Imagine reporting to work on a Monday at Fiserv Forum. Giannis Antetokounmpo is your professional colleague. And you must attend every Milwaukee Bucks game of the season.
As the director of basketball research for the Milwaukee Bucks, Seth Partnow understands the fascination with his job. But it doesn’t reflect the whole picture.
“We’re certainly not living the glamorous life. It’s a lot of long hours, a lot of hard work. The players work insanely hard,” Partnow told the audience during an open forum at the Wisconsin School of Business. “What we are doing is taking the best information possible and using it to enable better decision-making and to ensure more favorable long-term outcomes.”
Now in his third season with the Bucks, Partnow shared how he uses analytics on a daily basis in a competitive sports environment in his talk, “Sports Analytics and Impacting Decisions with Data.”
Partnow says the team is using metrics to look at issues such as roster optimization, injury prevention, and fatigue management. Regardless of the issue, he starts by prioritizing the question he hopes to solve, aiming for “a clear vision of what I think is important before I start the analysis.”
“The numbers don’t speak for themselves,” Partnow stressed. “As an analyst, you put them together.”
Envisioning a learning community
The second half of Partnow’s visit included a student workshop in the Finance and Analytics Lab in WSB’s Learning Commons. Students from nearly all BBA majors had the opportunity to put their data analytics skills to work via a challenge: as an analyst for a WNBA team, select a player that will add the most value to your team. Students brought their analyses and selections to the workshop and presented their findings to each other.
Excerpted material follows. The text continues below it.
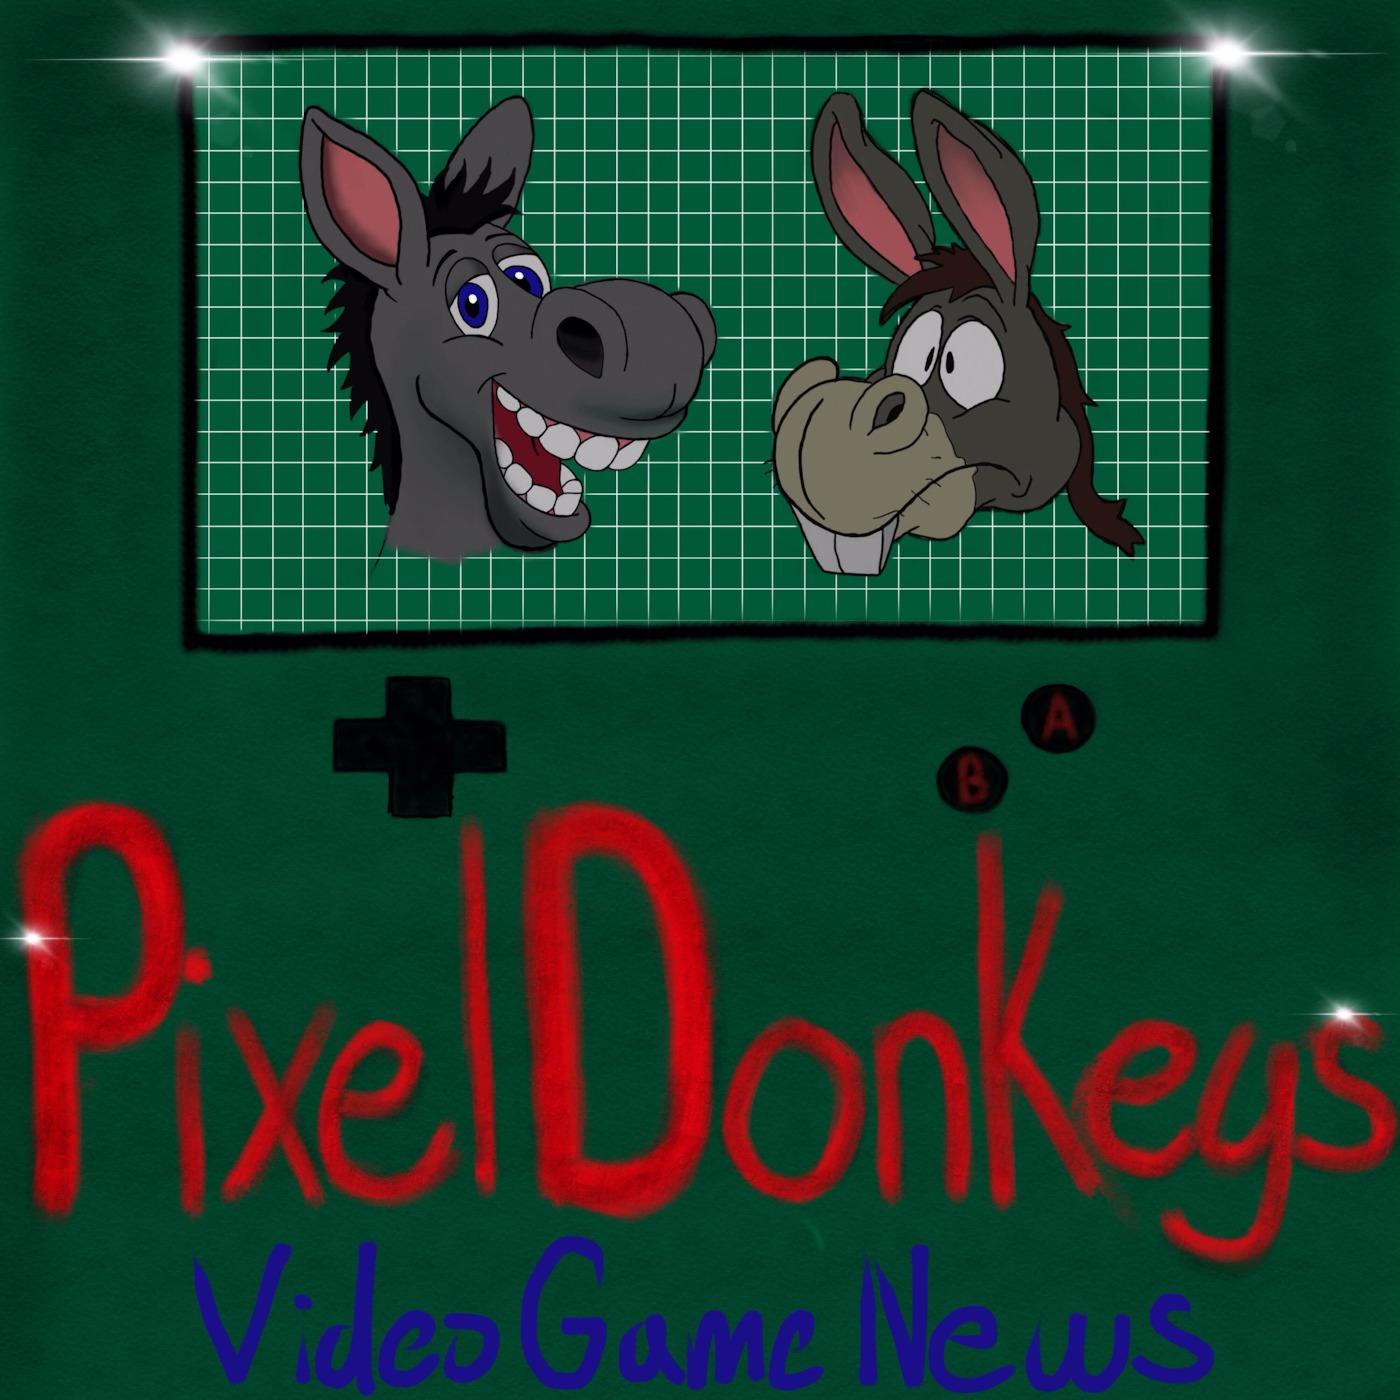 Pixel Donkeys

They then worked in groups to identify and present the one player they thought was most valuable. The class got feedback from Partnow, WSB faculty, and special guest Keaton Nankivil (MBA’20), a first-year Wisconsin MBA student in corporate finance with five years’ experience playing professional basketball overseas.
Ron Cramer, a senior instructional designer and learning technology consultant at WSB, says there was always a bigger, broader vision for exactly these kinds of cross-disciplinary, cross-industry events when the Learning Commons was first proposed. The idea was to include alumni and corporate partners—an inclusive learning community—not solely faculty, staff, and students.
“This workshop in the Finance and Analytics Lab was an embodiment of that community coming together for an innovative, co-curricular learning experience,” says Cramer, who is part of the School’s educational innovation team that sponsored Partnow’s visit. “It helped students focus on dealing with ambiguous business problems and providing effective communication of statistical information for decision-making.”
Bringing Partnow to campus was made possible thanks to a partnership between WSB and the University of Wisconsin–Madison’s Center for Humanities. The idea behind the collaboration is about strengthening the links between business and the humanities, says Justin Sydnor, associate professor of risk and insurance who introduced Partnow before his talk.
“As we increase our attention in business on analytics, there’s significant benefit to be gained from having a stronger appreciation of the humanities,” Sydnor explains. “They provide context and grounding for how we think about processing and navigating uncertainty, but also with how we learn to communicate and learn to interact with one another.”
Learning to communicate with analytics
Interpreting and communicating analytics is not an exact science; it means getting comfortable with some degree of uncertainty. Below are three maxims Partnow says he uses in his work to guide him in analyzing and communicating results:
- Be selective and succinct. Avoid the information dump. Understand the decision-making context and give only the analysis that’s asked for. He takes a first pass at the data, removing what’s unnecessary so that he doesn’t overload the recipient.
- Be accurate, not necessarily numerical. Sometimes using a visual metaphor, a stoplight to explain the data (red, yellow, green), for example, may communicate better than saying “Sam has a 32.4 percent chance of being injured.”
- Be humble yet confident. It’s key to recognize and respect subject matter expertise. Question your own results first—“be careful about leaping from A to B” —and know how to read the room. “You have a very high bar to clear if you think you’re going to do something better than what they’ve already done.”
Accept that mistakes will be made along the way, Partnow says. “In basketball, like everything else, you’re not always going to get it all right.”